North Carolina home to three of the dirtiest power plants

North Carolina is home to three of the 50 power plants with the highest total carbon dioxide emissions in the U.S., according to a report released last week by Environment North Carolina.


Together, the 50 American plants with the highest emissions account for more than 2 percent of the world’s total carbon dioxide emissions. In North Carolina, the Marshall plant near Lake Norman, the Belews Creek plant near Winston-Salem and the Roxboro plant in Semora make the list. Each plant is a large coal-fired steam plant run by Duke Energy. While the plants are not especially inefficient, their size and fuel type causes them to be major greenhouse gas emitters. The new report does not detail a path to replacing these plants, which accommodate large portions of North Carolina’s power usage.

"The biggest point of this whole report is that power plants are a significant contribution to our global warming pollution," said Graham Givens, clean energy associate for Environment North Carolina. "It's pretty serious that we begin to cut back on our pollution.

Givens noted that 51 percent of carbon emissions in North Carolina come from power plants. Thirty-six percent comes from just the top-five plants.

There are about 6,000 power-generating facilities in the U.S., and 50 of those generate 30 percent of all power sector emissions, according to the report. Overall, 41 percent of all U.S. carbon emissions in 2011 came from power generation, with a substantial portion of those emissions being produced by coal-fired plants.

A large part of the reason why the North Carolina plants highlighted in the report emit so much is their size and operation schedule, explained Dalia Patino Echeverri, Gendell assistant professor of energy systems and public policy at the Nicholas School of the Environment. Each of the plants helps to meet base power load requirements, which means that they are producing large amounts of power and are operating near full capacity. The Marshall, Roxboro and Belews Creek plants are not particularly inefficient compared to other coal-fired plants, nor do they emit unusually high levels of greenhouse or other gasses for their size, she said.

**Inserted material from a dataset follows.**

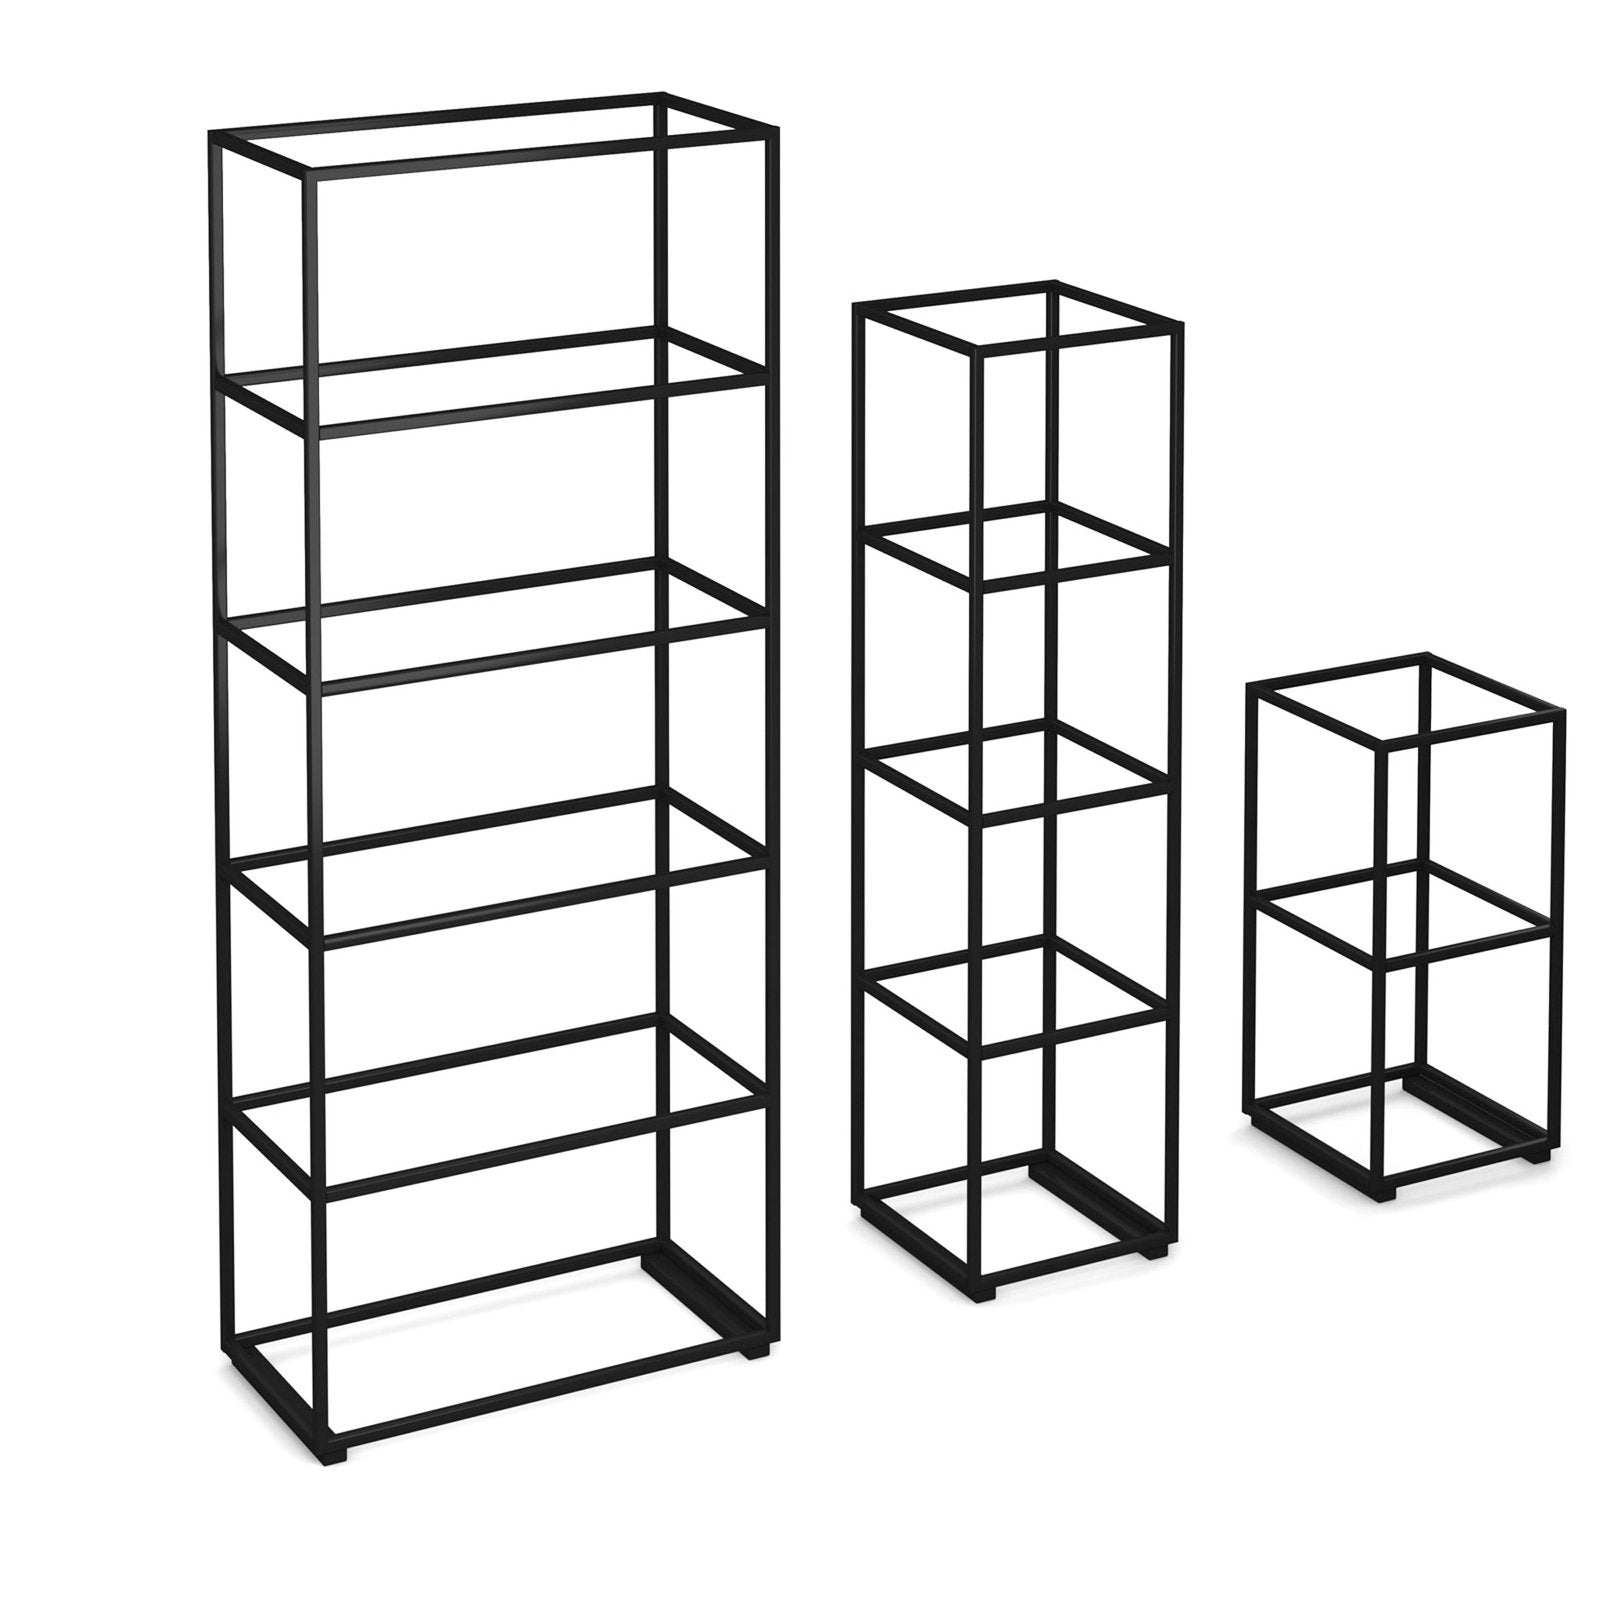 Flux modular storage unit - Office Products Online

Regardless, some experts feel that North Carolina has an exceptionally high level of emissions and should find a way to reduce that number.

Brian Magi, professor of atmospheric sciences at the University of North Carolina at Charlotte, said that carbon dioxide emissions have an especially long-term impact, so actions to reduce emissions need to be taken as soon as possible.

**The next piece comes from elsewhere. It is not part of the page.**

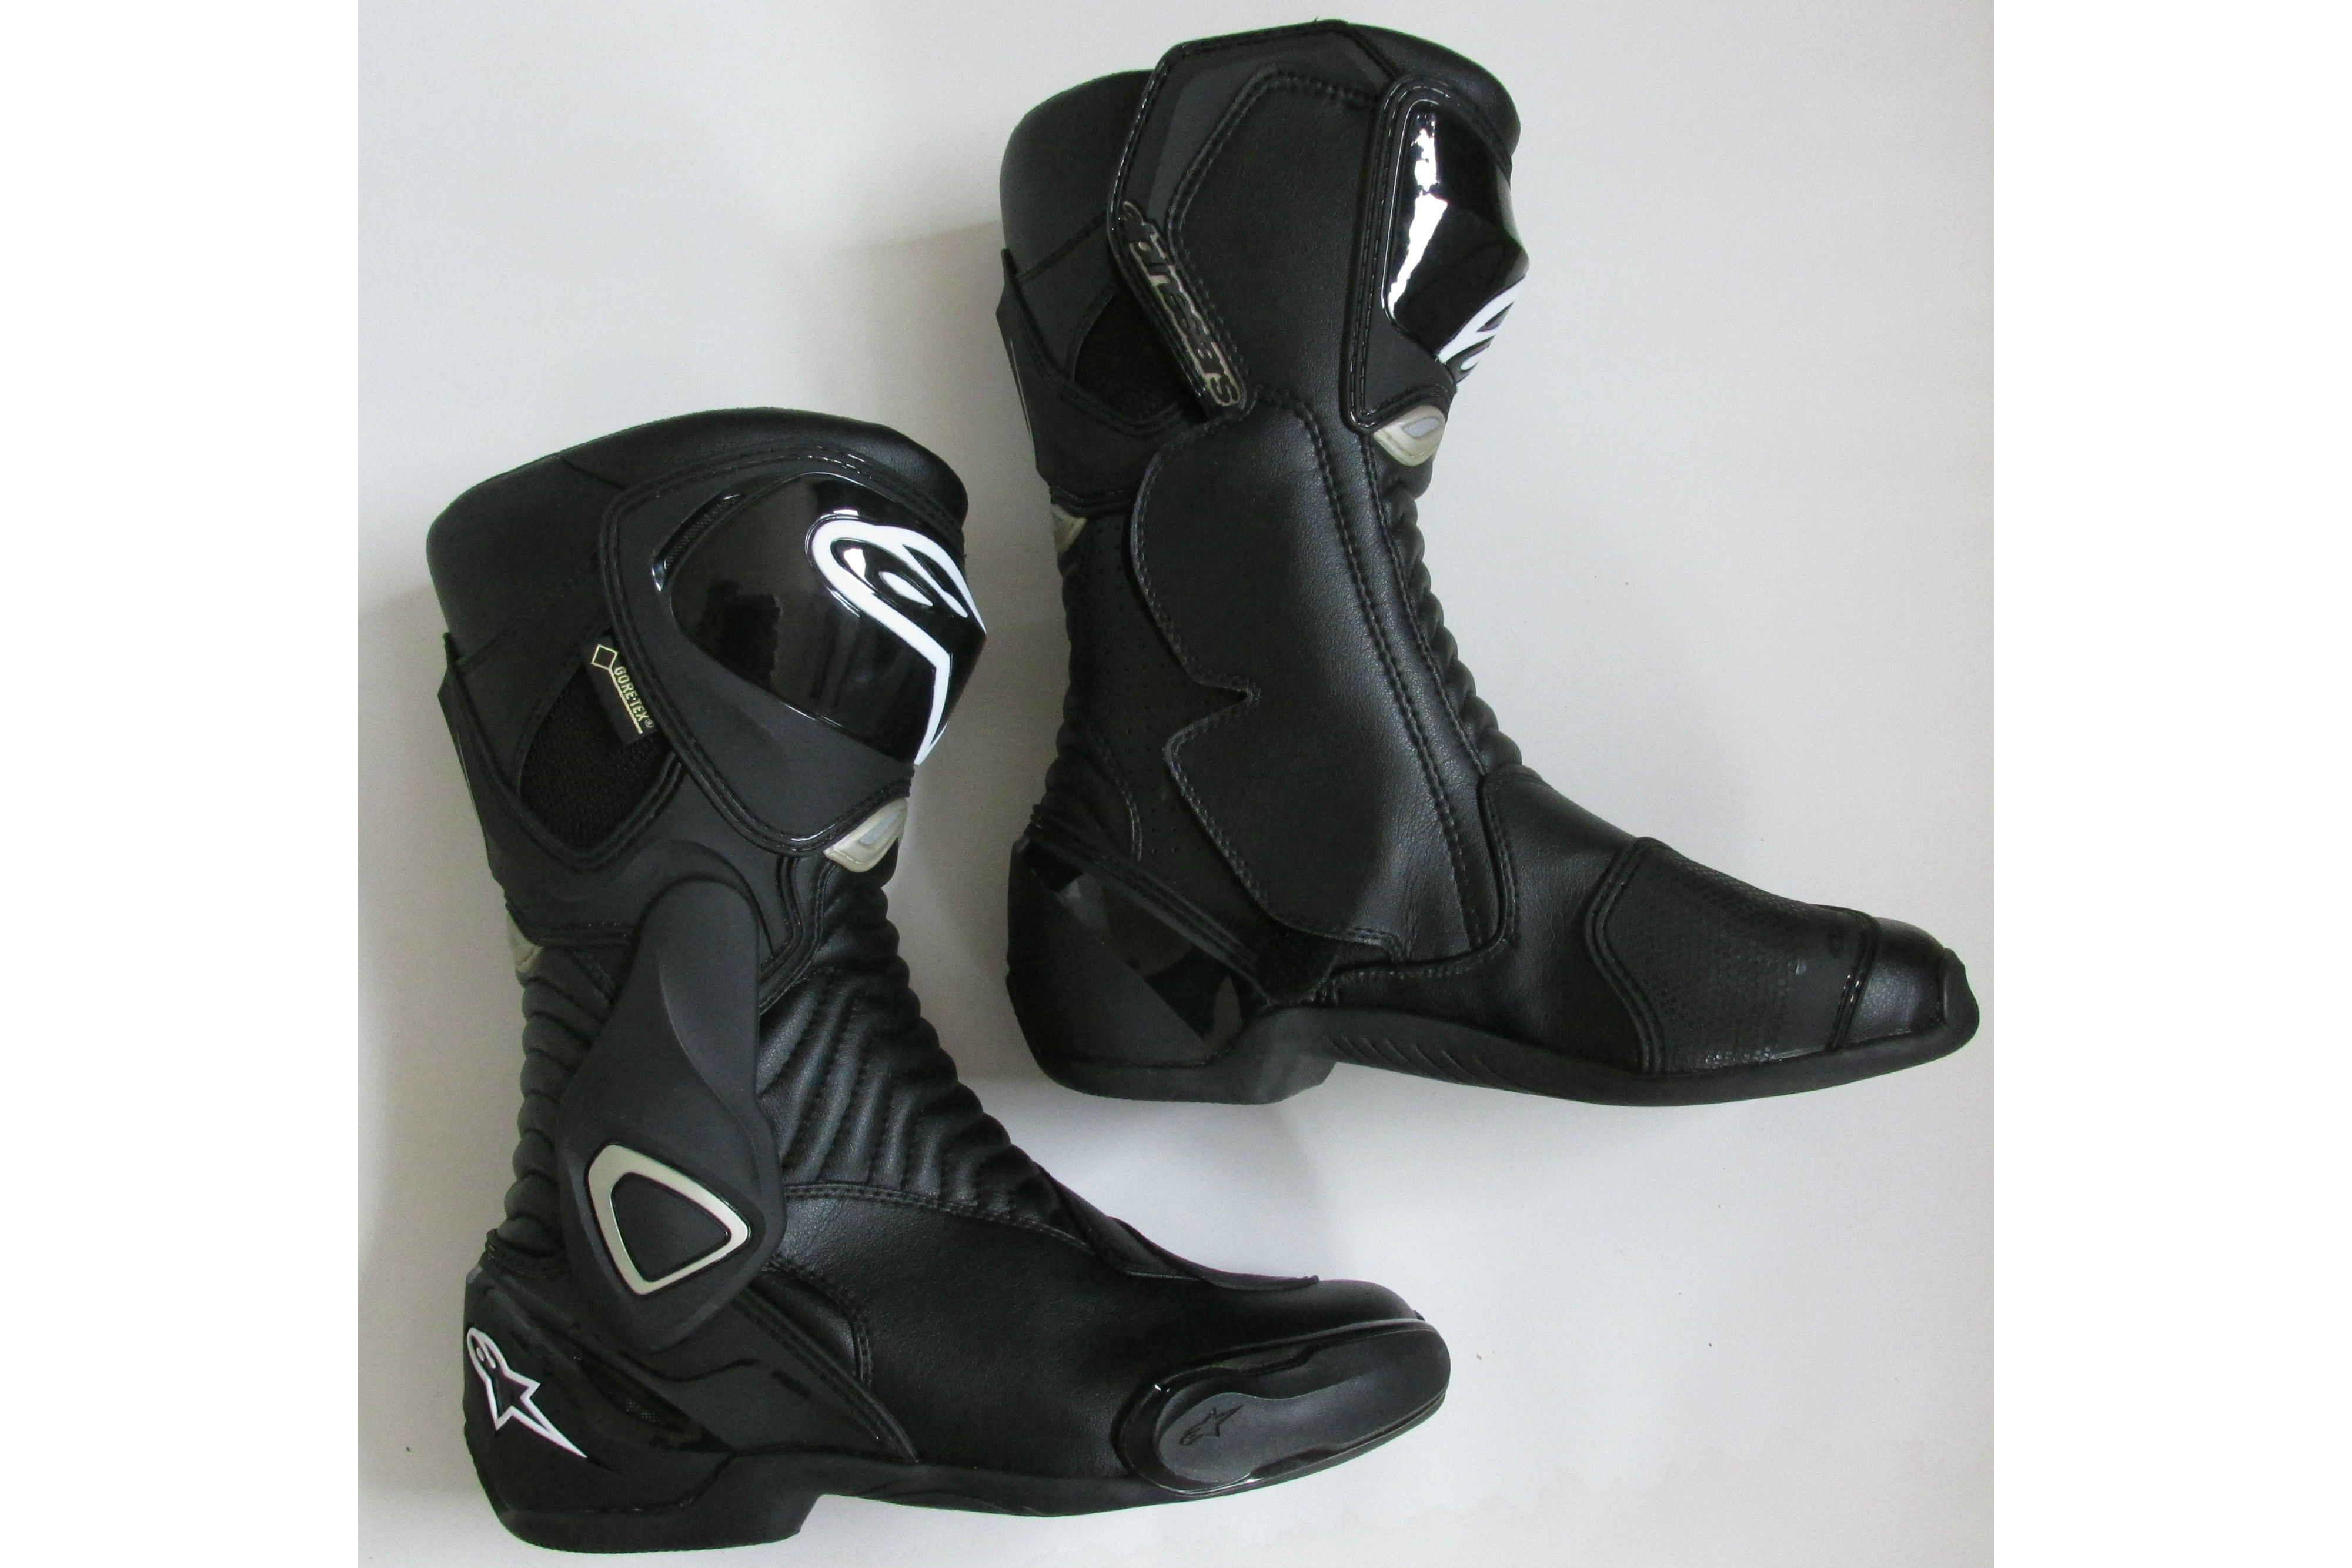 Review: Alpinestars S-MX 6 Gore-Tex boots

“Emissions from North Carolina will eventually affect the entire world, and so when we look at this problem, it’s too easy to say... that ‘we’re not emitting that much in the grand scheme of things,’” Magi said.

Replacing the coal-fired plants with ones powered by natural gas would cut emissions by power generation in half, but would also cause methane to be released into the atmosphere during natural gas extraction, Echeverri said. Methane is a highly potent greenhouse gas.

Givens argued that coal-fired plants should not be replaced with natural gas, which is also a fossil fuel and greenhouse gas source, but rather with clean and renewable energy, such as wind or solar power.

“Natural gas is not the solution in any way, shape or form,” Givens said. “From our perspective the solution is reducing our energy usage through efficiency standards and then increasing our use of clean, renewable sources.”

Givens noted that North Carolina was fifth in the nation for solar installation in 2012, and pointed to that as an example of progress in the right direction. He also expressed hope that forthcoming Environmental Protection Agency standards for power plant efficiency would help to reduce emissions.

Echeverri said, however, that if wind and solar were used to replace coal or natural gas powered plants, some fossil fuel backup capacity would still be needed as wind and solar are intermittent power sources.

Duke Energy, which runs the three high-emissions NC plants mentioned in the report, will have closed seven of its 14 coal-fired plants in North Carolina by the end of the year and has cut emissions by nearly 20 percent since 2008, wrote Catherine Butler, communication representative at Duke Energy. She added that eliminating coal as a national fuel source would increase power rates for customers.

“It’s ironic utility critics continue to protest as we carry out the very plan they worked with us to develop more than a decade ago. We are well on our way in modernizing our fleet through coal plant retirements, cleaner plants, renewables and energy efficiency,” she wrote.